Introduction

Turkey, with about 10 150 vascular plant species (Dönmez & Yerli in press), is one of the richer countries in terms of plant biodiversity. It is likely that the Turkish flora still has many undiscovered plant species, especially in the less botanized areas, such as the southeast of the country.

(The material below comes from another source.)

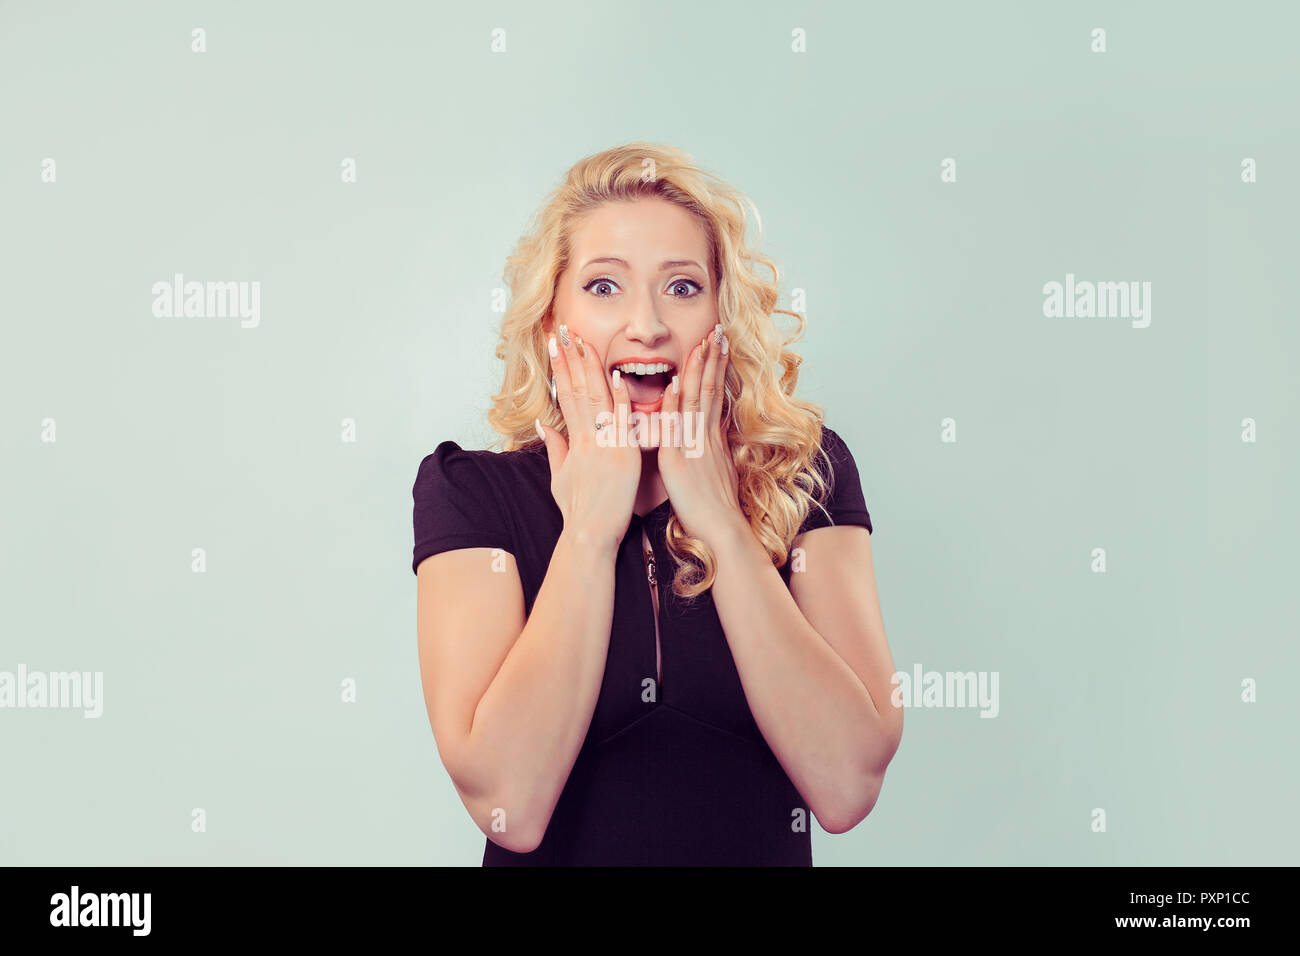 Super amazed screaming woman - Stock Image

Among the vascular plants of Turkey, Astragalus L. (Fabaceae) is the largest genus, with 444 species representing 3.8 % of the vascular plant species of the country (Dönmez & Yerli in press). Furthermore, 197 Astragalus species were recorded as endemic to Turkey by Chamberlain & Matthews (1970).

According to the recent most comprehensive revision of the genus (Podlech & Zarre 2013), Astragalus has 2950 species and is the largest genus of flowering plants in the world. Since the publication of this three-volume monographic study for the Old World, several new species have been described from Turkey (e.g. Dinç & al. 2013; Karaman Erkul & Aytaç 2013; Çeçen & al. 2016) as well other countries (e.g. Li & Yu 2014; Estrada Castillón & al. 2016; Bagheri & al. 2017), and discovery of new taxa of Astragalus will no doubt continue.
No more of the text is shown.